One of the tasks involved in understanding causes is to check whether the observed results are consistent with a cause-effect relationship between the intervention and the observed impacts.
Some of the options for this task involve an analysis of existing data and some involve additional data collection. It is often appropriate to use several options in a single evaluation. Most impact evaluations should include some options that address this task.
Gathering additional data
- Key Informants Attribution: providing evidence that links participation plausibly with observed changes.
- Modus operandi: drawing on the previous experience of participants and stakeholders to determine what constellation or pattern of effects is typical for an initiative.
- Process tracing: focusing on the use of clues within a case (causal-process observations, CPOs) to adjudicate between alternative possible explanations.
- Check dose-response patterns: examining the link between dose and response as part of determining whether the program caused the outcome.
- Check intermediate outcomes: checking whether all cases that achieved the final impacts achieved the intermediate outcomes.
- Check results match a statistical model: comparing results with a statistical model to determine if the program caused the outcome.

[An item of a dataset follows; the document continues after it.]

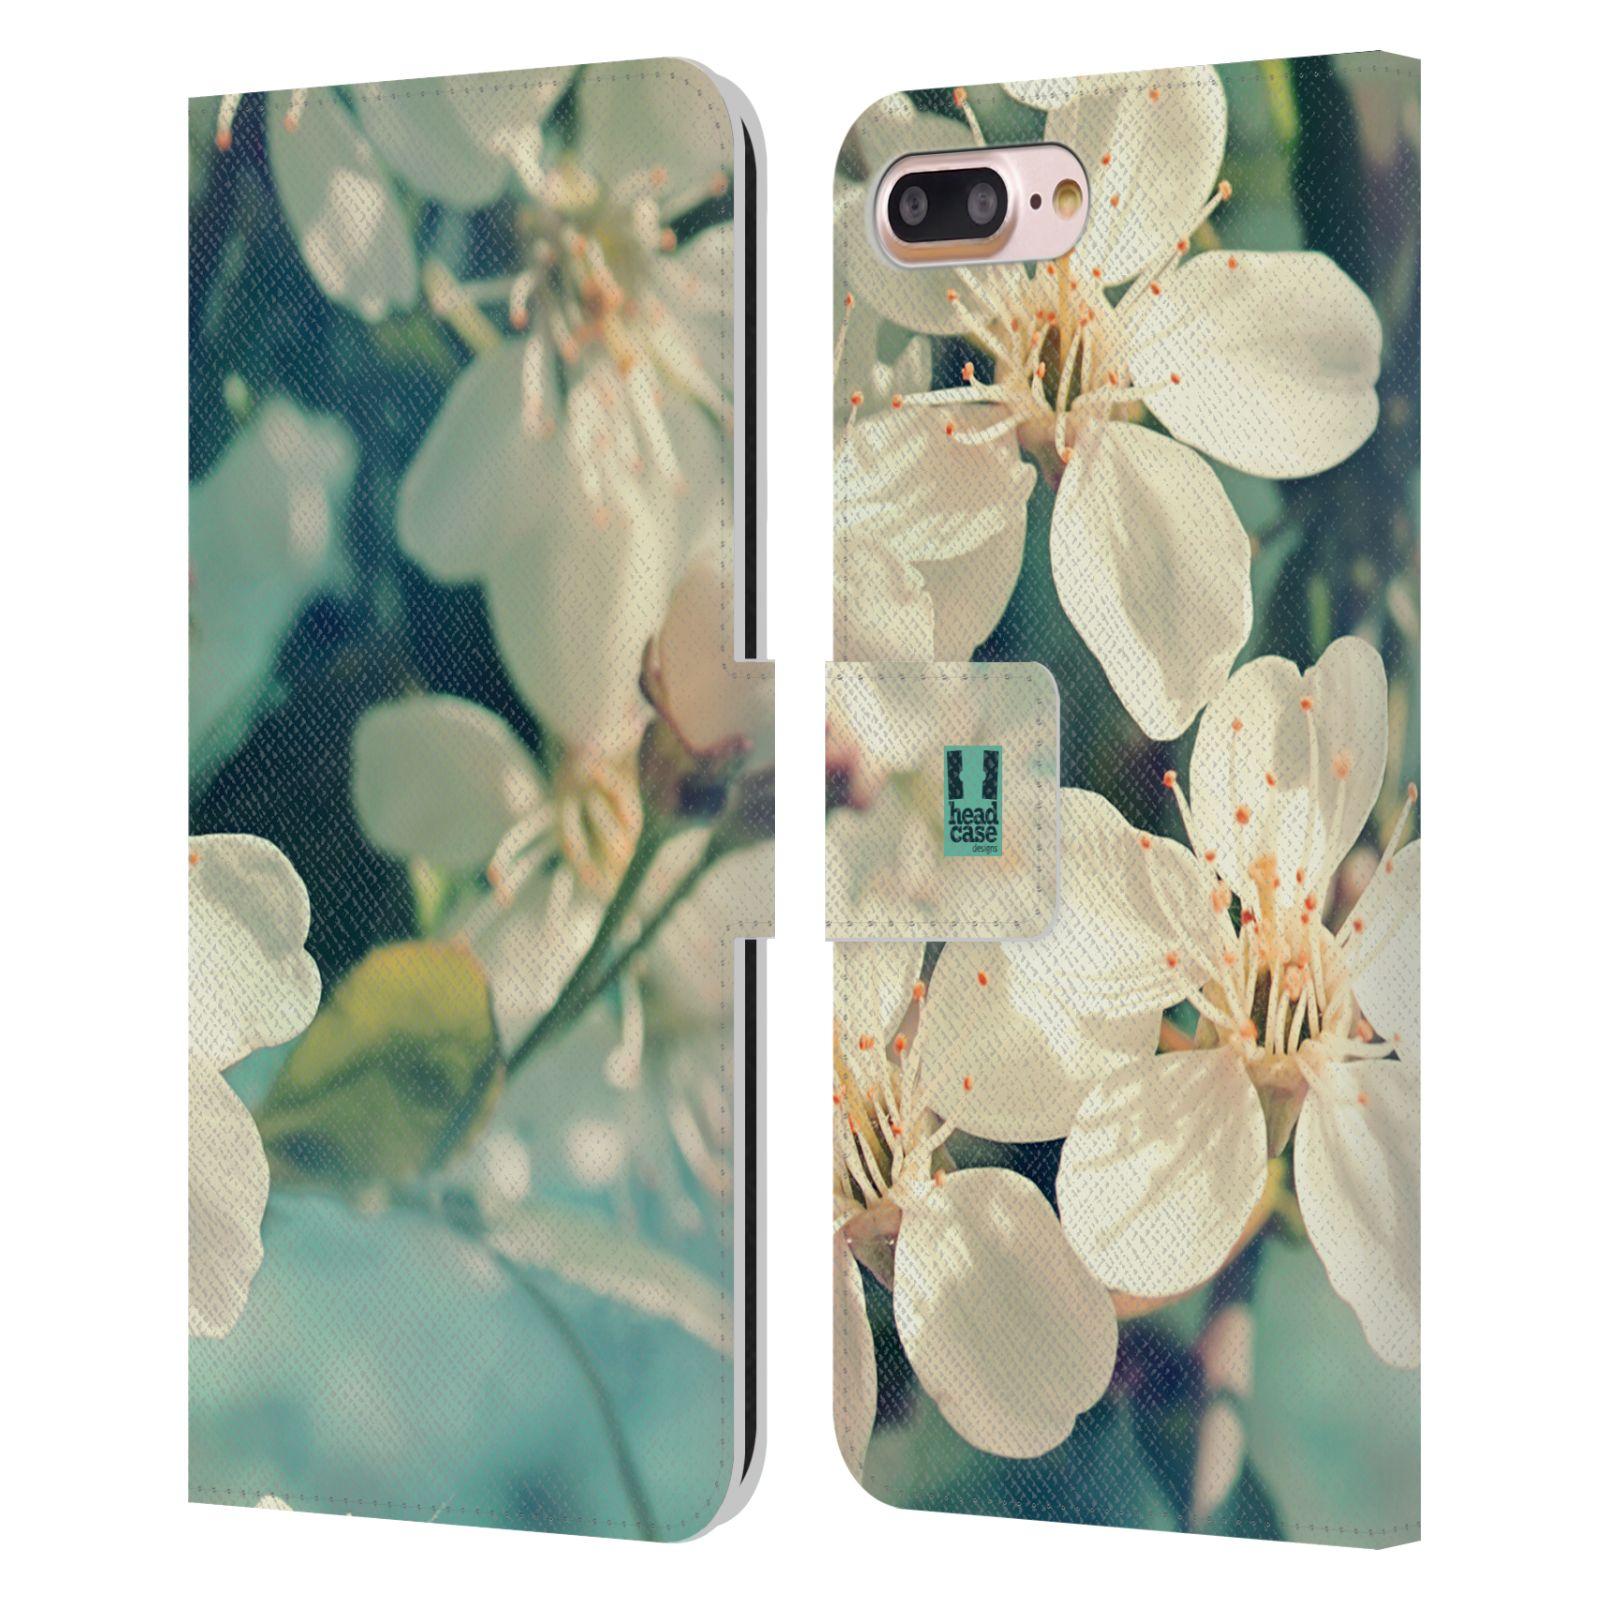 HEAD CASE Flipové pouzdro pro mobil Apple Iphone 7 PLUS / 8 PLUS květy foto rozkvetlá třešeň

- Check results match expert predictions: making predictions based on program theory or an emerging theory of wider contributors to outcomes and then following up these predictions over time.
- Check timing of outcomes: checking predicated timing of events with the dates of actual changes and outcomes.

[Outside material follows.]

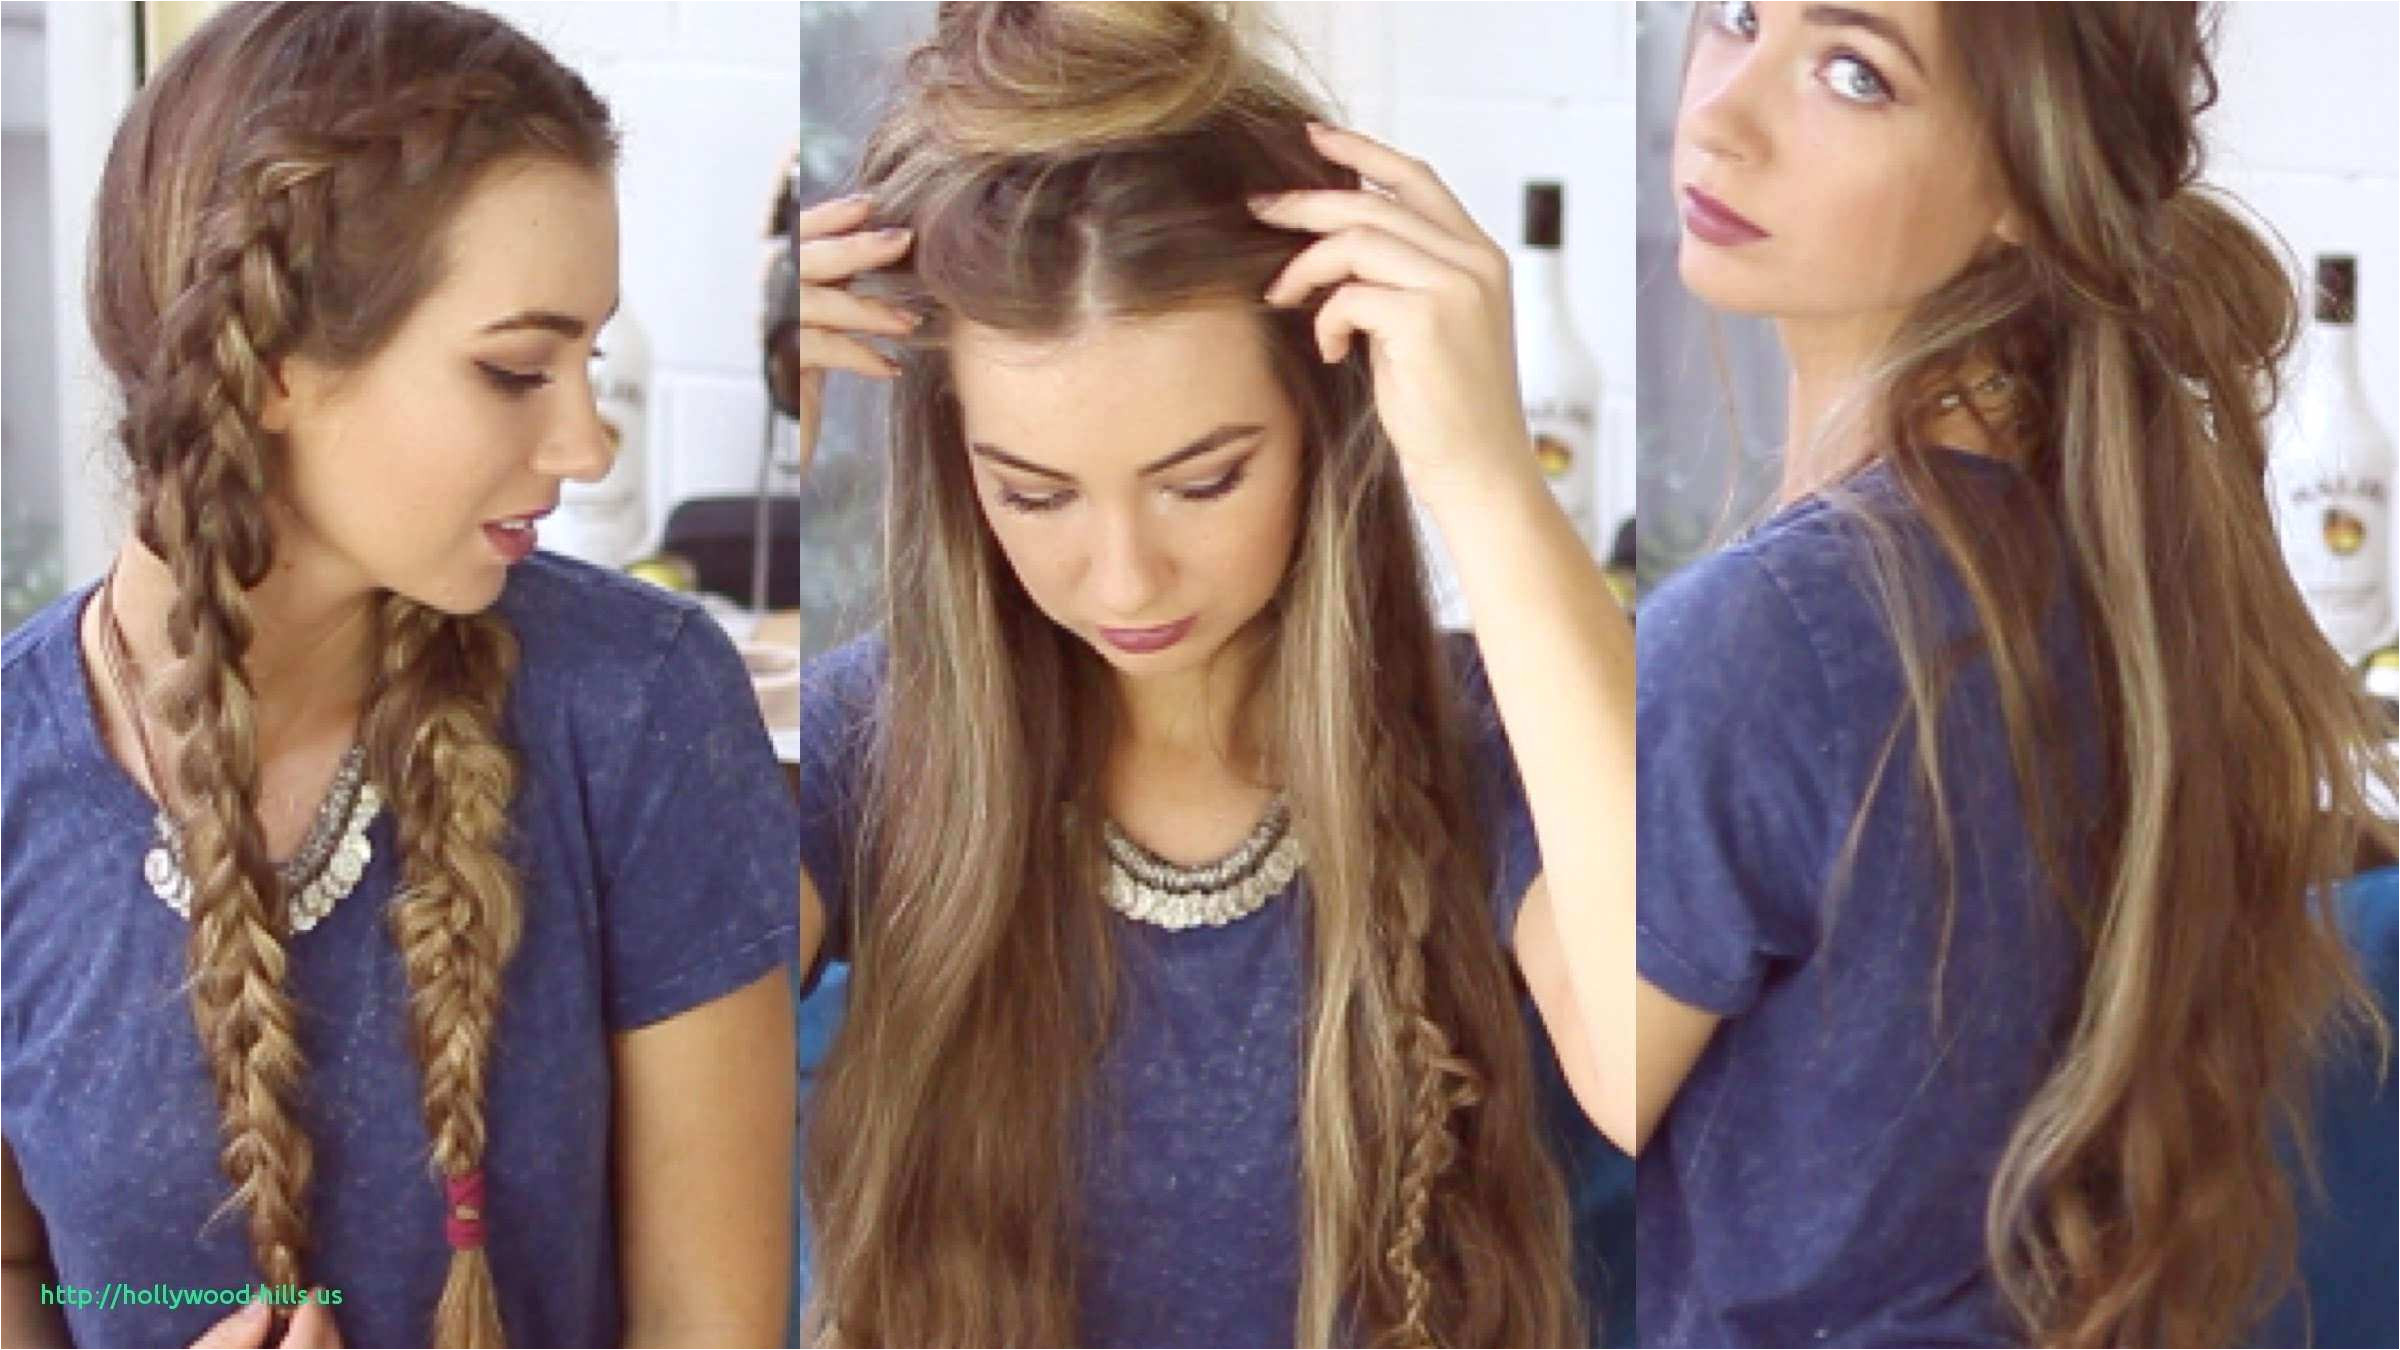 Girls Easy Hairstyles For School Elegant Beautiful Cute Quick And Easy Hairstyles For Short Hair

- Comparative case studies: using a comparative case study to check variation in program implementation.
- Qualitative comparative analysis: comparing the configurations of different cases to identify the components that produce specific outcomes.
- Realist analysis of testable hypotheses: Using a realist program theory (what works for whom in what circumstances through what causal mechanisms?) to identify specific contexts where results would and would not be expected and checking these.

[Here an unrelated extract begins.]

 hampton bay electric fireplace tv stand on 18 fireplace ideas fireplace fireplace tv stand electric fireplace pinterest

These approaches combine some of the above options together with ruling out possible alternative explanations.
- Contribution Analysis: assessing whether the program is based on a plausible theory of change, whether it was implemented as intended, whether the anticipated chain of results occurred and the extent to which other factors influenced the program’s achievements.
- Collaborative Outcomes Reporting: mapping existing data against the theory of change, and then using a combination of expert review and community consultation to check for the credibility of the evidence.
- Multiple Lines and Levels of Evidence (MLLE): reviewing a wide range of evidence from different sources to identify consistency with the theory of change and to explain any exceptions.
- Rapid Outcomes Assessment: assessing and mapping the contribution of a project’s actions on a particular change in policy or the policy environment.